NotAnAmbiTurner + 0 comments Thank you! I've never understood why some questions have (1) bad descriptions coupled with (2) few test cases. Makes it soooo difficult.

mike006322 + 0 comments I would like to give kudos to the Hackerrank team for normally doing a good job of extending Project Euler questions and checking for computational complexity but this is not your best work here. I really think you should remove most of the test cases and let this problem be "easy".

**"We never cancel any 0."**To remove trailing 0's would be a trivial example. This makes sense to a mathematician because "trivial" here means that it doesn't take any effort to construct or check these examples and that the real interest of the problem occurs when we ignore those examples. That said, 4808/8414=8/14 is NOT trivial and should be considered an example. This would be in line with normal definition of "trivial" AND the problem statement.You should make it clearer that we don't count fractions twice if they cancel two different ways, e.g. 1616/6464 cancels to either 161/644 or 116/464 but we count 1616/6464 just once. The instructions make is seem like the full equality "49/98=4/8" is an example but only "49/98" is.

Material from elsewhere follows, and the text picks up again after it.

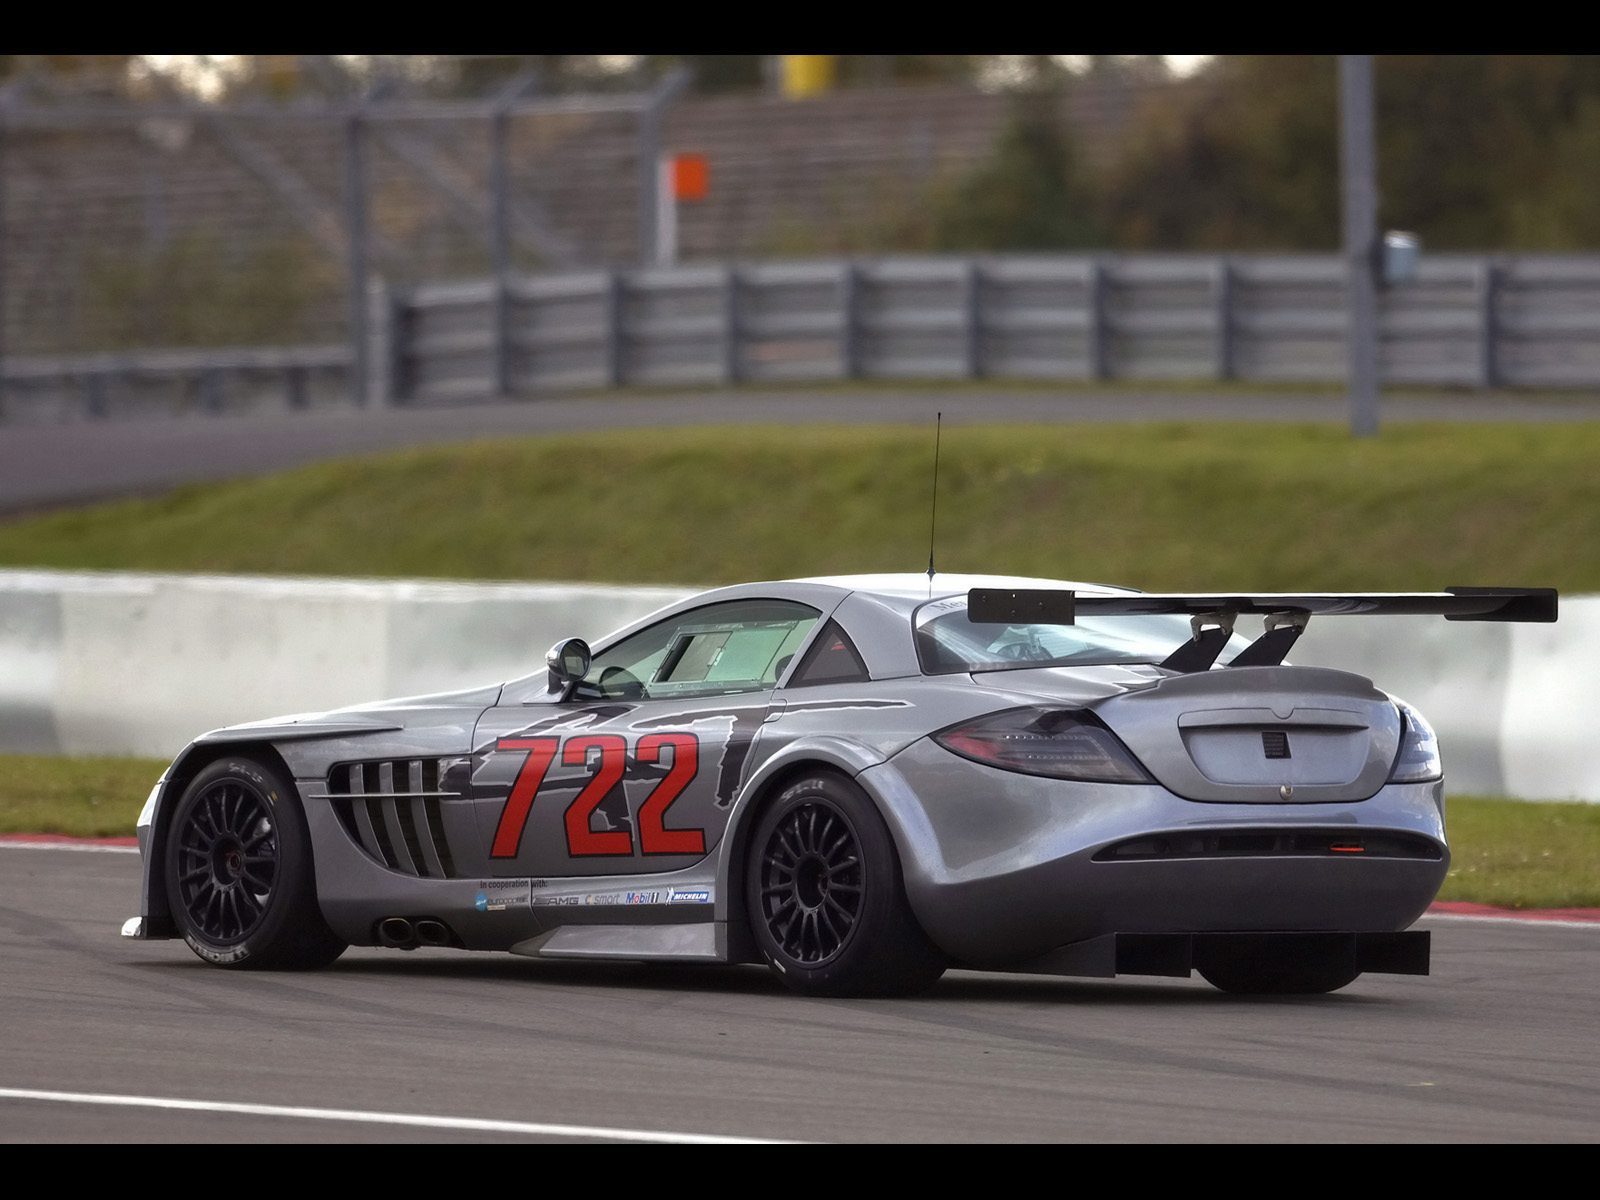 You can vote for this Mercedes-Benz SLR722 GT McLaren photo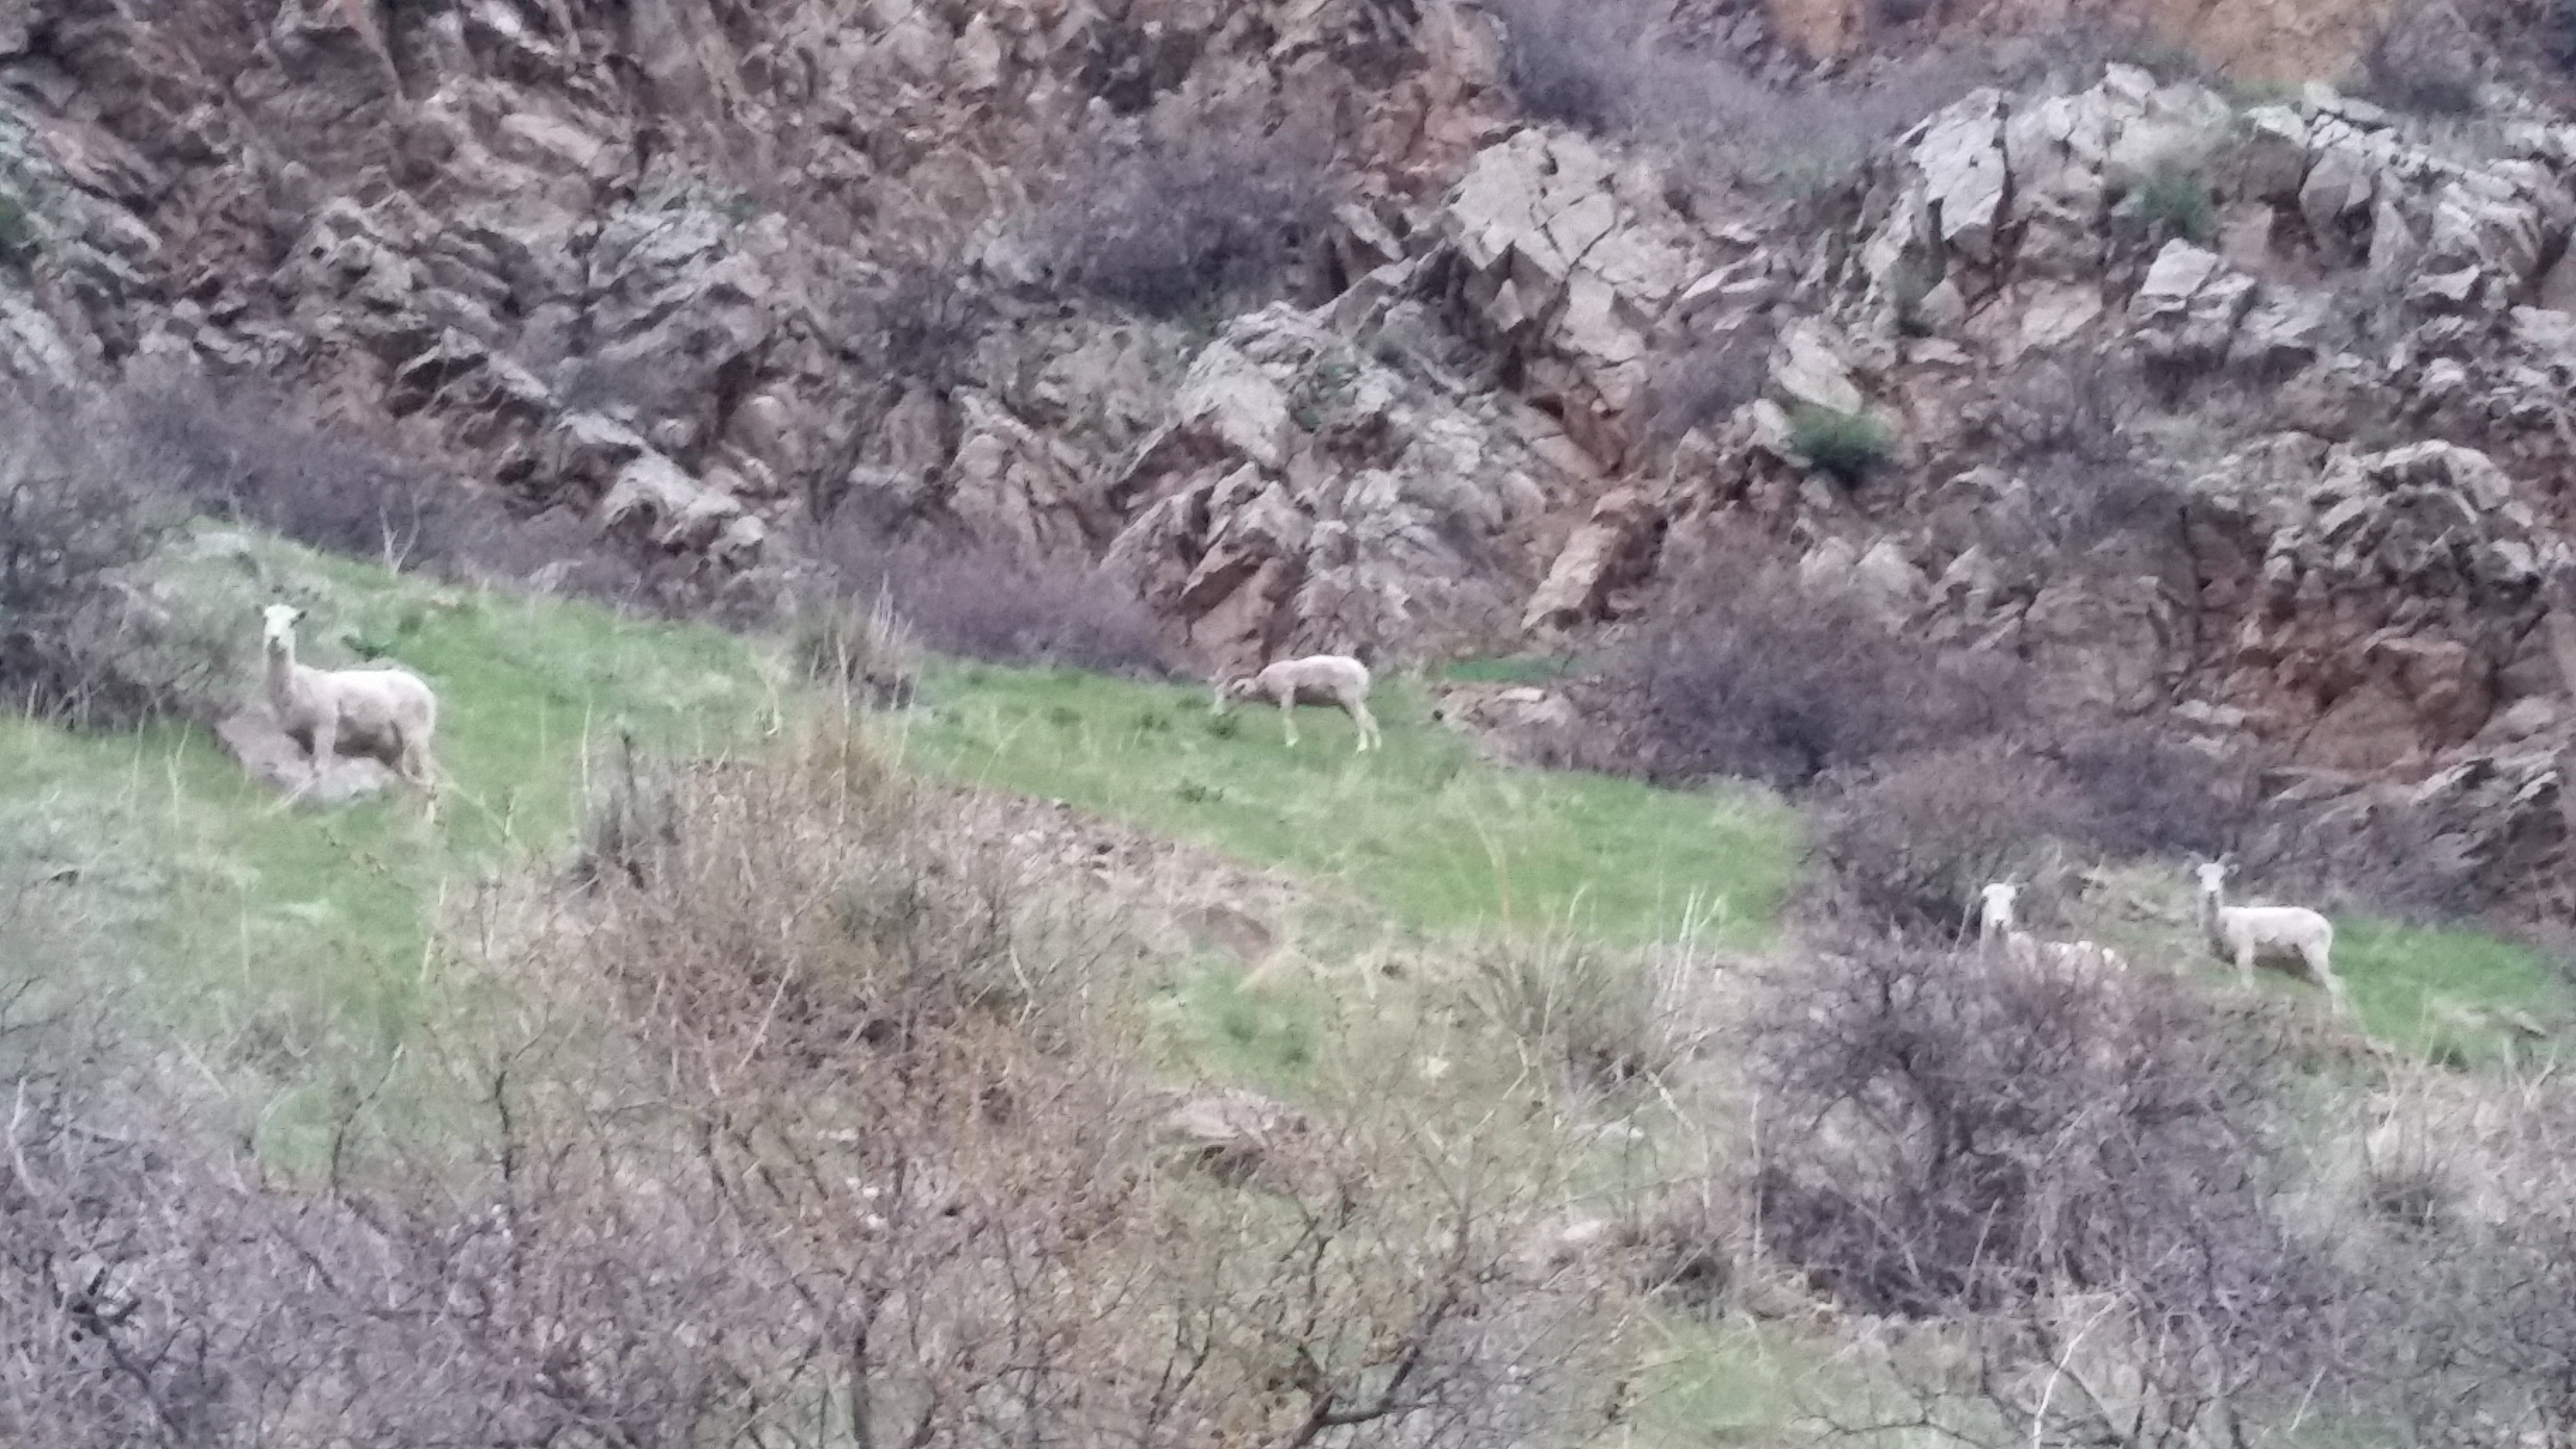 Big horn sheep just outside of the campground

You should also make it clearer that if we cancel and have leading zeros then that is an example, e.g. 3016/6032 = 01/02 is an example. Here we have "01" is NOT a two digit number before a cancelation but IS a two digit number after a cancalation.

That said, this is actually a very interesting problem that doesn't succumb to an easy solution.

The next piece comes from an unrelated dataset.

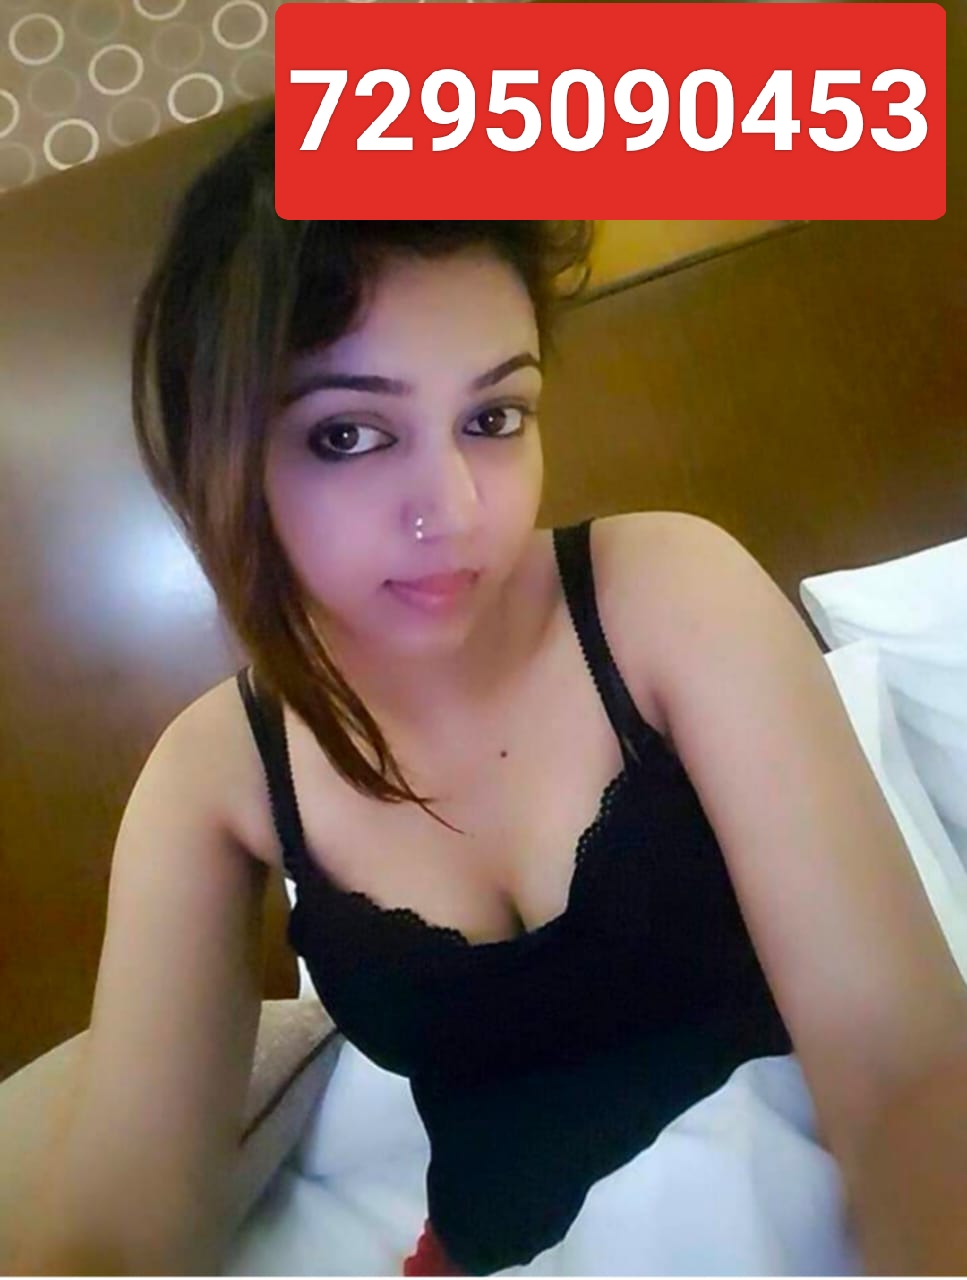 Miss Sweta available cash payment

The two digit case is worked out here: https://www.mathblog.dk/project-euler-33-fractions-unorthodox-cancelling-method/

After a lot of work it reduces to a Diophantine equation... hmmmm.... This doesn't bode well for figuring out the cases with 3+ digits.

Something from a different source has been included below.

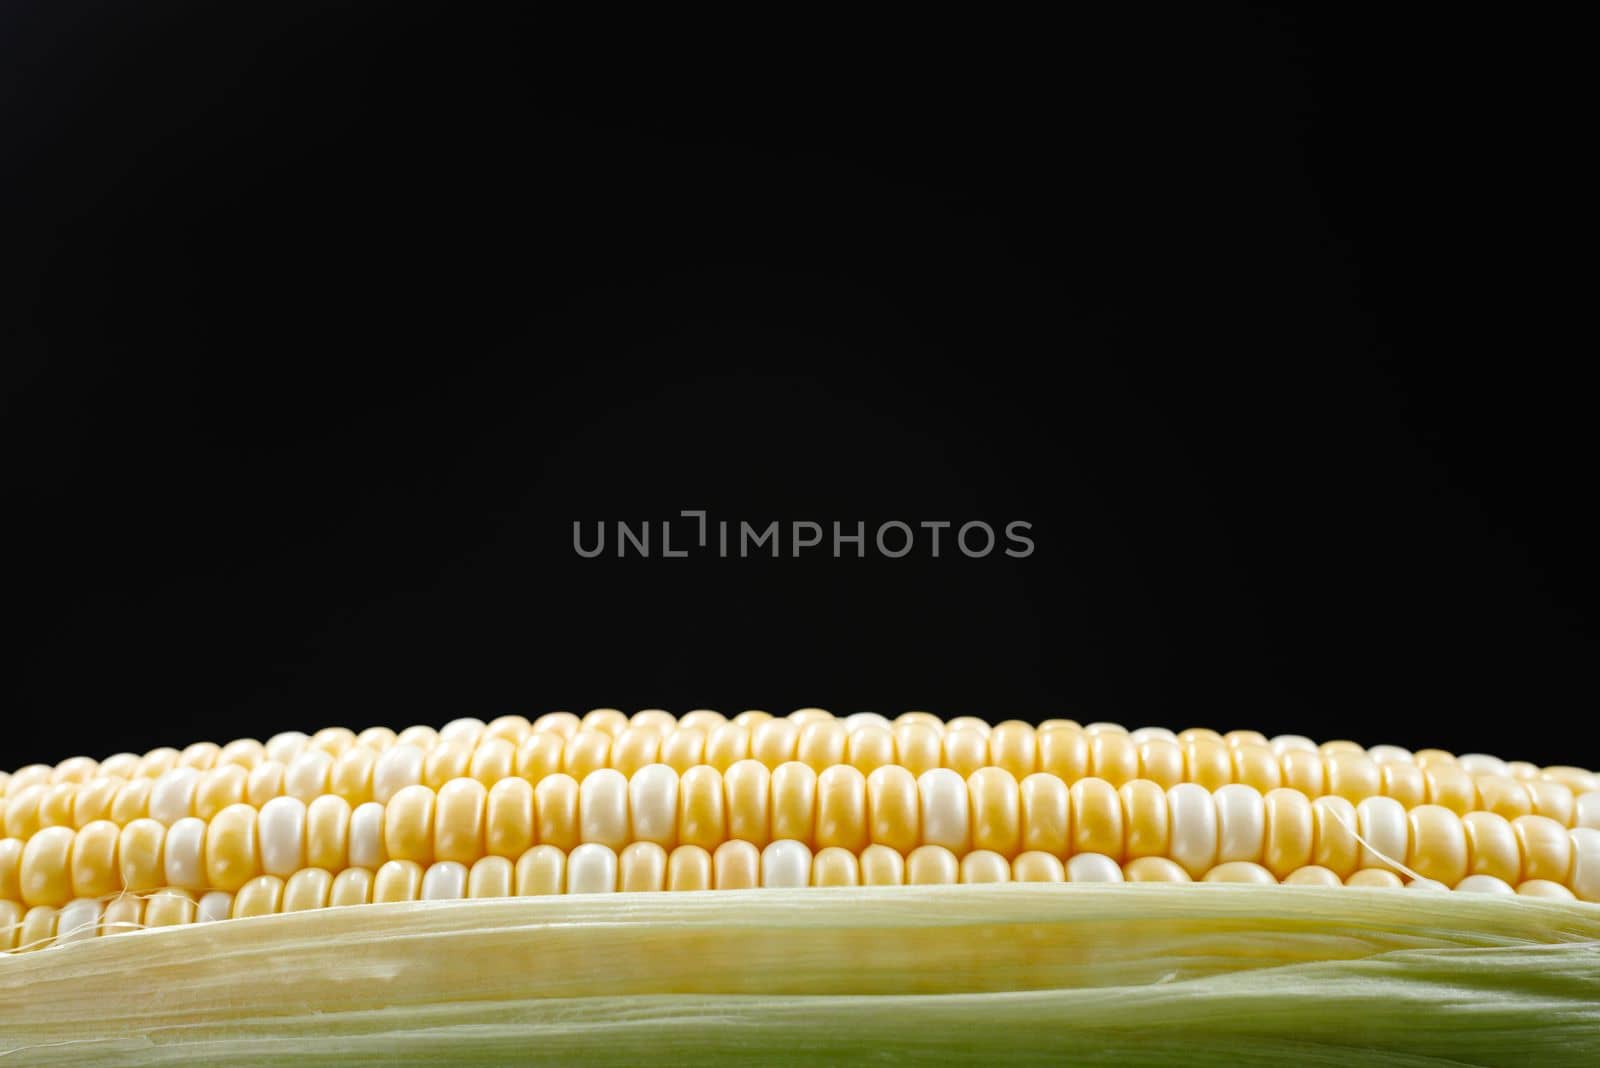 Raw corn in close-up. Corn kernel on black background. View from an angle.

After a lot of work I figured out something much better than brute force:

Consider that we want solutions "n/d = n2/d2". Iterate through possible values of n which has N digits. Then iterate over N-K possible digits from the digits of n (N choose N-K) to make n2. Now, consider n/n2. We must have n/n2 = d/d2 and d must have the digit/s of n that n2 doesn't have. The clever step is to iterate through fractions that are equal to n/n2; this means divide both n and n2 by g = gcd(n, n2) and then multiply both n/g and n2 /g by integer i, which you will iterate. If we write n/n2 as an ordered pair (n, n2) then the iteration looks like ((n/g)*i, (n2/g)*i), i++, and for each iteration of i you check if (n/g)*i has the digits of n that n2 doesn't have.

If this problem feels too complex then a great way to break it up is to consider the 6 different test cases seperately. That is what I did to come up with fast solutions.

I haven't checked the time complexity of my solution but by using this method I got all of my Python solutions to execute in under 2 seconds. I used Python's math.gcd function which is implemented in C and I'm not sure if that is what made my code run fast perhaps without good time complexity. I'm too fed up with this problem right now to think about it any more.

Overall I felt like I was programming something arbitrary and needed to code it the exact way the Hackerrank team had in mind to get full credit.

Feel free to message me for test case data.

stbrumme + 1 comment The problem is called "Anomalous Cancellation". A bit more information can be found here: http://mathworld.wolfram.com/AnomalousCancellation.html

jeekobu + 0 comments In anomalous cancellation (as discussed in the link), you can cancel 0s, so long as they aren't trailing. (1019/5095 == 11/55 is an example.) So it's not quite the same.

In the article, trailing 0s are not allowed... but this isn't stated, just implied by the examples. In other words, the article is almost as vague as this challenge. Truly a "figure out wtf the author is thinking" situation.

cantonios + 2 comments Any hints on making this faster? My current c++ implementation takes about 4s for N=4, K=2. It's essentially: (1) brute-forcing every numerator/denominator, (2) checking the number of common digits to see if we could actually try to cancel at least k, (3) if so, try all possible ways of cancelling k digits

I can cheat, precompute the 6 possibilities and have a look-up table. But just wondering if there's a mathematical trick to make this problem easier.

jpulgarin + 0 comments I'm doing the same approach as you. Haven't found a more elegant algorithm :(

zo0ok + 0 comments I did the same thing and used a Union with uint32_t raw; uint8_t digits[4];

That way I can use raw for assignment and comparison. Then I have overloaded things like ++.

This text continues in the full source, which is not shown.